Work to be completed
Below are records; please set down exactly the lines from the first through the one containing "Star Wars: Jedi".

Data extract
*** Begin section ***
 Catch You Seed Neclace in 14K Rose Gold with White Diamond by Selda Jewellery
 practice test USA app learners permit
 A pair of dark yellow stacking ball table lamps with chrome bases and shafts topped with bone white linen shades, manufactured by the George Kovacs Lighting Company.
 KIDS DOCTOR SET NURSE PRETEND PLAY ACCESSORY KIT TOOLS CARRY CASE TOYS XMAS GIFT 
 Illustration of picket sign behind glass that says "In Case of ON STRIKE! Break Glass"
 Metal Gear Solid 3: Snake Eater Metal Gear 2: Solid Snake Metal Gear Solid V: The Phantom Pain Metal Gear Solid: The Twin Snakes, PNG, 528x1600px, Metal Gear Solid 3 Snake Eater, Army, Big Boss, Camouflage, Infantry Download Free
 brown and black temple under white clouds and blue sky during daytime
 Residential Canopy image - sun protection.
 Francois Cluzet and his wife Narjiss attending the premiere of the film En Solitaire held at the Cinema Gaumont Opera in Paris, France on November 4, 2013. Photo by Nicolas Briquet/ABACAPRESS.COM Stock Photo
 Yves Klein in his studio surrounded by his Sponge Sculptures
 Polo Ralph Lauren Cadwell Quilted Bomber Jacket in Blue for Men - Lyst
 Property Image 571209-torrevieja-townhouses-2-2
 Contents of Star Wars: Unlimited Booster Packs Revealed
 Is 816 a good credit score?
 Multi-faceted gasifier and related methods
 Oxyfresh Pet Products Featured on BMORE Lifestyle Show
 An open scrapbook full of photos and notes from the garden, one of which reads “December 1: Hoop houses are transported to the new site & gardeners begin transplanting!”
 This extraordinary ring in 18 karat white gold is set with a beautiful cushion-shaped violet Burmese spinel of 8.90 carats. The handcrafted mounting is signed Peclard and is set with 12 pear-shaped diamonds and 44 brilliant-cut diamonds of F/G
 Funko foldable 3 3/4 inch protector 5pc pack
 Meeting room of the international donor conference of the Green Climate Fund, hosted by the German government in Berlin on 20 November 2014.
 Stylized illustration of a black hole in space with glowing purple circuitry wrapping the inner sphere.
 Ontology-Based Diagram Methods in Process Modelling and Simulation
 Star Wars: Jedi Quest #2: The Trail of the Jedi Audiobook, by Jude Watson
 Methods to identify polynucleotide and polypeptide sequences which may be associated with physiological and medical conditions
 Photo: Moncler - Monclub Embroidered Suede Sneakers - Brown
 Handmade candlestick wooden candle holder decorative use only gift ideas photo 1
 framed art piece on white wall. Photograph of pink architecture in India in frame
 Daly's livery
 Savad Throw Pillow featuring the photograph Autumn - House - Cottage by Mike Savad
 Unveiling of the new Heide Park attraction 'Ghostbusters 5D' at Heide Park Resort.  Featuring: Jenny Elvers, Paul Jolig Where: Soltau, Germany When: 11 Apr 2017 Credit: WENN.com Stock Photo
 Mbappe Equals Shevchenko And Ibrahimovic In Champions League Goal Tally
*** End section ***
Worked solution
 Catch You Seed Neclace in 14K Rose Gold with White Diamond by Selda Jewellery
 practice test USA app learners permit
 A pair of dark yellow stacking ball table lamps with chrome bases and shafts topped with bone white linen shades, manufactured by the George Kovacs Lighting Company.
 KIDS DOCTOR SET NURSE PRETEND PLAY ACCESSORY KIT TOOLS CARRY CASE TOYS XMAS GIFT 
 Illustration of picket sign behind glass that says "In Case of ON STRIKE! Break Glass"
 Metal Gear Solid 3: Snake Eater Metal Gear 2: Solid Snake Metal Gear Solid V: The Phantom Pain Metal Gear Solid: The Twin Snakes, PNG, 528x1600px, Metal Gear Solid 3 Snake Eater, Army, Big Boss, Camouflage, Infantry Download Free
 brown and black temple under white clouds and blue sky during daytime
 Residential Canopy image - sun protection.
 Francois Cluzet and his wife Narjiss attending the premiere of the film En Solitaire held at the Cinema Gaumont Opera in Paris, France on November 4, 2013. Photo by Nicolas Briquet/ABACAPRESS.COM Stock Photo
 Yves Klein in his studio surrounded by his Sponge Sculptures
 Polo Ralph Lauren Cadwell Quilted Bomber Jacket in Blue for Men - Lyst
 Property Image 571209-torrevieja-townhouses-2-2
 Contents of Star Wars: Unlimited Booster Packs Revealed
 Is 816 a good credit score?
 Multi-faceted gasifier and related methods
 Oxyfresh Pet Products Featured on BMORE Lifestyle Show
 An open scrapbook full of photos and notes from the garden, one of which reads “December 1: Hoop houses are transported to the new site & gardeners begin transplanting!”
 This extraordinary ring in 18 karat white gold is set with a beautiful cushion-shaped violet Burmese spinel of 8.90 carats. The handcrafted mounting is signed Peclard and is set with 12 pear-shaped diamonds and 44 brilliant-cut diamonds of F/G
 Funko foldable 3 3/4 inch protector 5pc pack
 Meeting room of the international donor conference of the Green Climate Fund, hosted by the German government in Berlin on 20 November 2014.
 Stylized illustration of a black hole in space with glowing purple circuitry wrapping the inner sphere.
 Ontology-Based Diagram Methods in Process Modelling and Simulation
 Star Wars: Jedi Quest #2: The Trail of the Jedi Audiobook, by Jude Watson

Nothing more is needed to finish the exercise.